The frontcourt has long been considered to be the Gophers' liability. At the start of the year, there simply wasn't enough size, there weren't enough bodies and wasn't enough experience in the group.
All of that will still present big challenges to overcome once the Gophers get into the meatier part of the schedule.
But on Thursday, with the Gophers undermanned in the game before the Maui Invitational, which the team left for today, the Minnesota frontcourt seemed able and eager to pick up the slack.
Eliason effectively played the role of rim protector and flirted with a triple-double, recording 11 points, 11 rebounds and seven blocks (a career high). Osenieks had 14 points and five rebounds (12 points and five rebounds in the first half, before getting into foul trouble). Both moved well with and without the ball and had good defensive positioning, despite that Osenieks had never played center before (and only had one day to learn the position in practice).

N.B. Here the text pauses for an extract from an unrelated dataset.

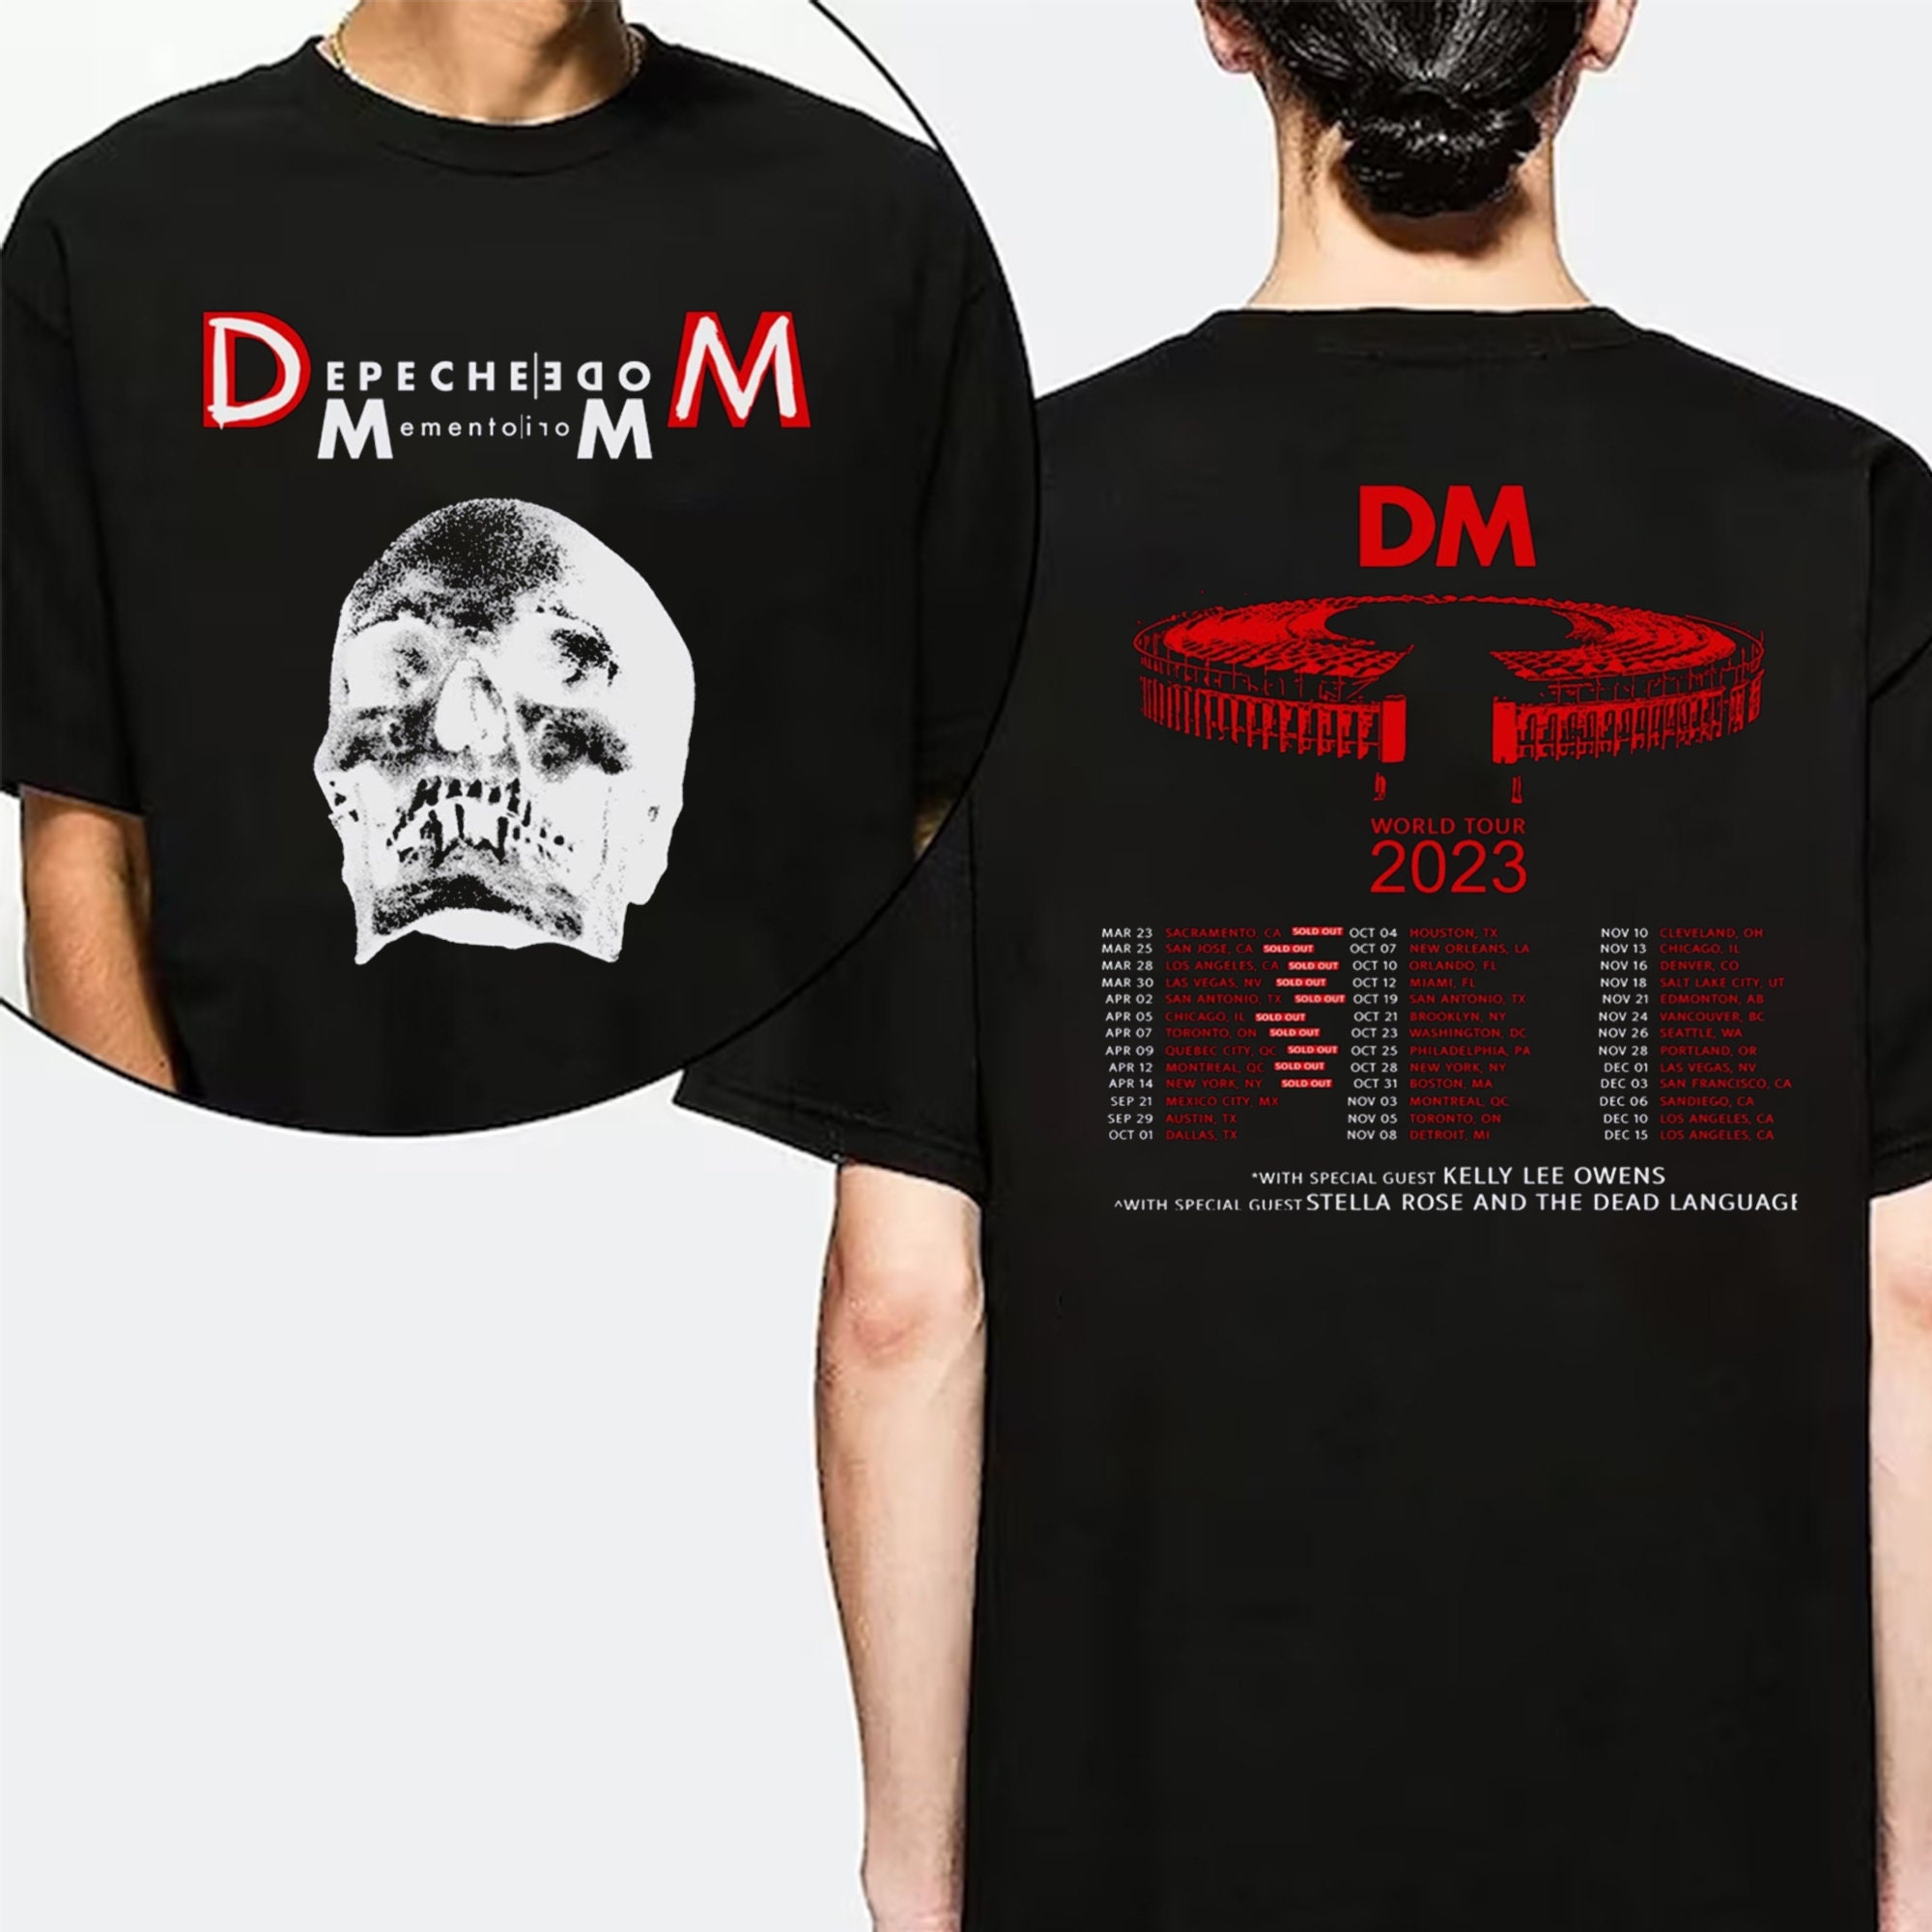 Depeche Mode Memento Mori World Tour 2023 t-shirt by To-Tee

The rest of the frontcourt was in street clothes. Joey King sat out because of a fractured jaw sustained in Tuesday's game, and Mo Walker served the fifth game of a six-game suspension for violating university policy.

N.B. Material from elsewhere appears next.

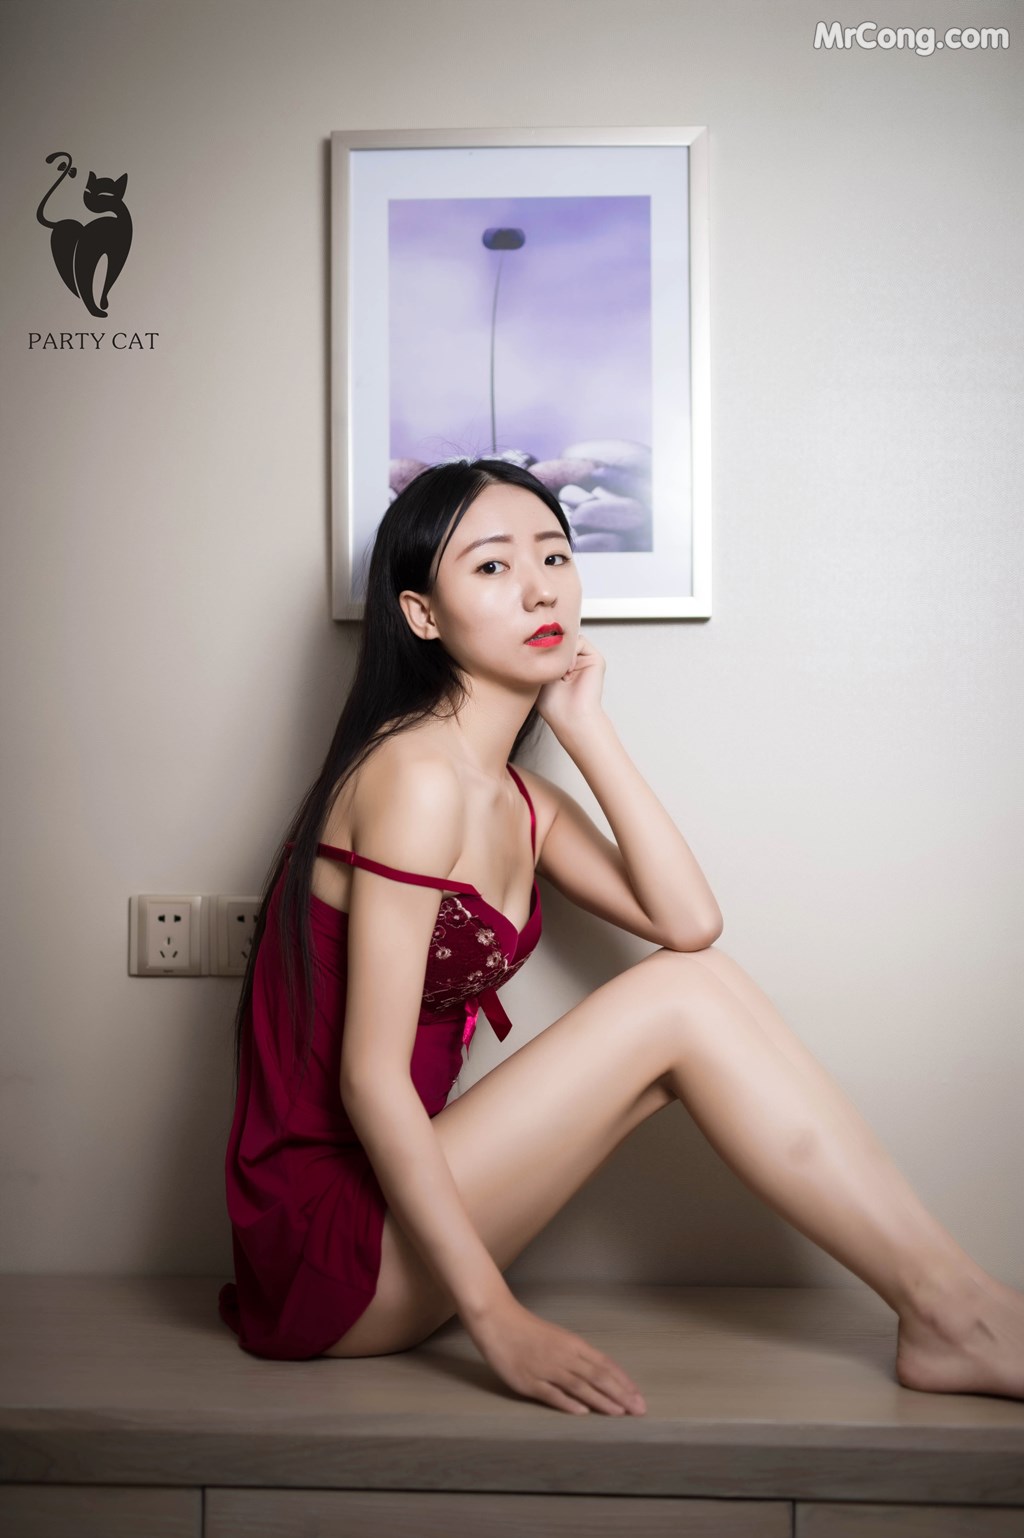 PartyCat Vol.011: Model Qian Qian (倩倩) (46 photos)

Afterward, coach Richard Pitino gushed a little.
"Oto and Elliott were tremendous," he said. "Elliott, certainly, almost getting a triple-double. He continues to grow, continues to get better. When you're playing without two guys who play significant minutes, [that's impressive]. And then Oto was very good offensively. I just love the confidence that he's playing with right now. I keep telling him don't worry about anything just play aggressively. He's showing that. To do that without two guys that are going to play major, major minutes and do it with all the type of odd lineups that we played with tonight -- I mean, Oto played the five, and that's tough to do because he never practices at the five. It's not like we had three days to prepare. We only had one day to prepare. That shows his basketball IQ."
To be clear, Wofford was not a very good team and didn't pose nearly as big a threat as some of the games Minnesota has already played this season. But getting players to dominate against bad teams isn't always a given -- look through the box scores of the last couple of seasons, when even the Gophers' best players were often up and down through the non-conference schedule.